In $\mathbb{R}^3$, $dB=0$ implies $B=dA$ by Poincaré's lemma. In vector terms, this means that $\nabla\cdot B=0$ implies $B=\nabla \times A$.
However, by Helmholtz decomposition we have $B=\nabla \times C+\nabla \phi$ and the condition $\nabla\cdot B=0$ does not force $\phi=0$ but rather $\nabla^2\phi=0$.
I am not sure how to reconcile Poincaré with Helmholtz.
A divergence-free vector field must be a curl or could it be a curl plus the gradient of a harmonic function?
Just to expand on Cave Johnson's comment, note that if $\mathbf{A}$ is such that $\mathbf{B}=\nabla\times \mathbf{A}$, the for any scalar $\chi$, the vector field $\mathbf{A}'=\mathbf{A}+\nabla \chi$ also has $\mathbf{B}=\nabla \times \mathbf{A'}$. Physcists (and nowadays mathematicians too) call the transformations $\mathbf{A}\to \mathbf{A'}=\mathbf{A}+\nabla \chi$ a gauge transformation and the vector field $\mathbf{B}$ (magnetic field) is gauge invariant.

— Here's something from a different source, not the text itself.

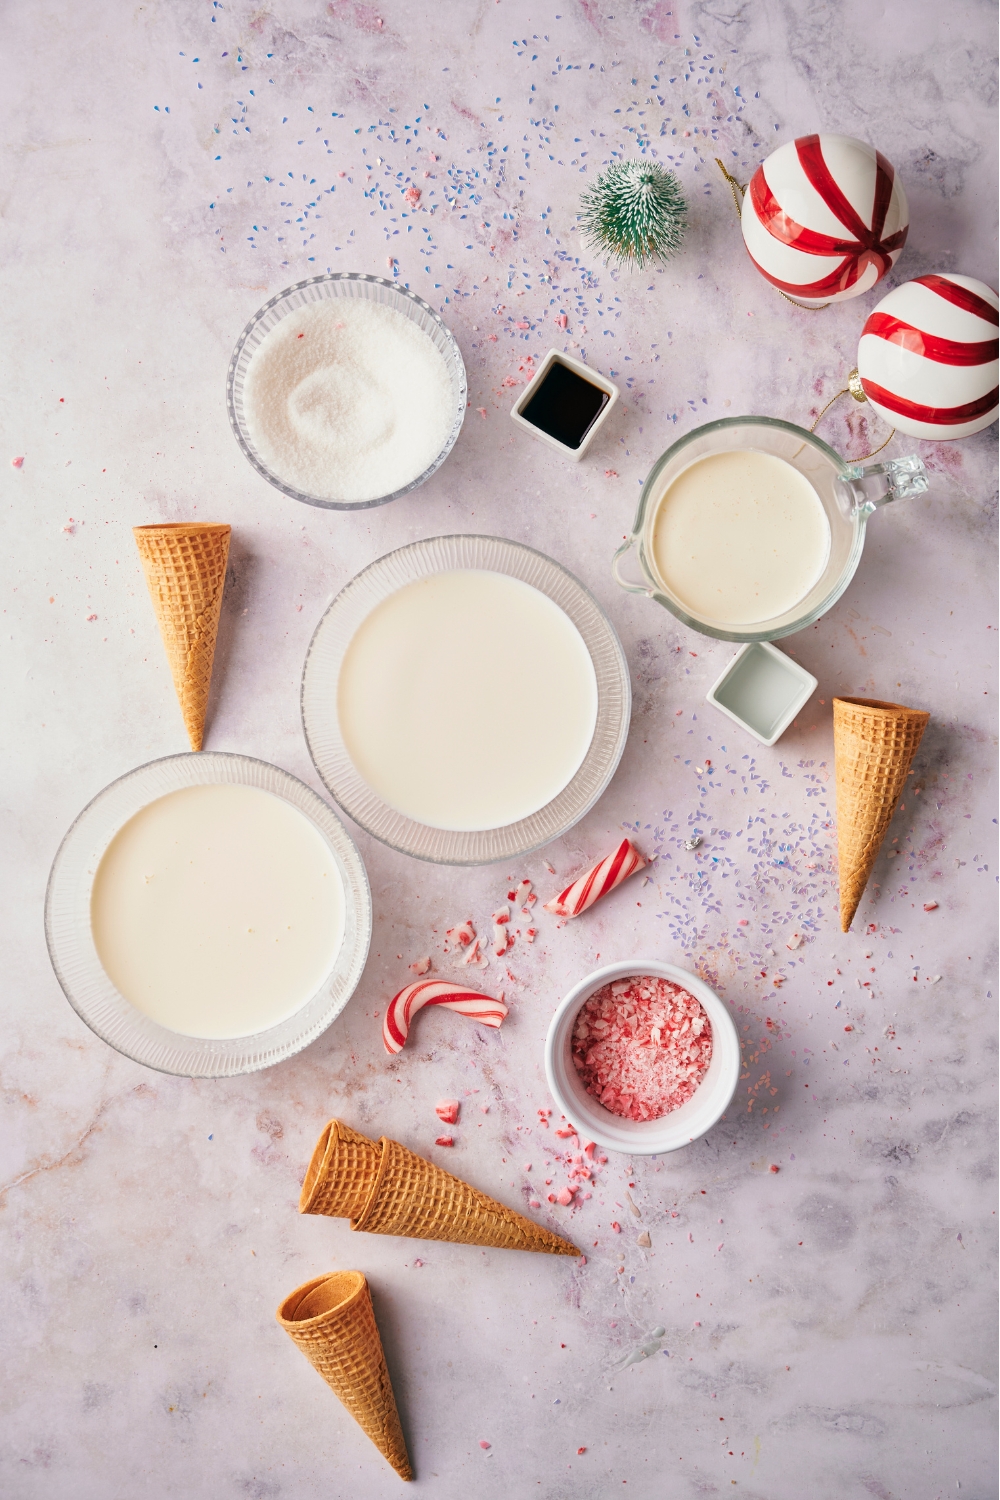 An assortment of ingredients including bowls of milk, cream, vanilla extract, sugar, ice cream cones, and crushed candy canes.

Now about Helmholtz decompositions. Suppose $\mathbf{B}=\nabla \times \mathbf{C}+\nabla \phi$. Suppose there exists scalar field $f$ and a vector field $\mathbf{F}$ such that $$ \nabla f = \nabla\times \mathbf{F} $$ Then $\mathbf{C}'=\mathbf{C}+\mathbf{F}$ and $\phi'=\phi-f$ also satisfies $\mathbf{B}=\nabla \times \mathbf{C}'+\nabla \phi'$. If the above condition holds, than clearly $\nabla^2 f=0$ and $f$ is harmonic. Conversely, as Cave Johnson mentions, if $f$ is a harmonic function, then $\nabla f =\nabla\times \mathbf{F}$ for some vector field $\mathbf{F}$. The proof of this is Poincare lemma and is exactly the reconciliation you are looking for between Poincare lemma and Helmholtz decomposition.
Combining all of this together, for any harmonic function $f$, with some $\mathbf{F}$ such that $\nabla f = \nabla \times \mathbf{F}$, and any arbitrary scalar field $g$, the (gauge?) transformations $$ \mathbf{C}\to \mathbf{C}'=\mathbf{C}+\nabla g +\mathbf{F}, \quad \phi\to \phi'=\phi-f $$ yield all possible different Helmholtz decompositions of $\mathbf{B}$.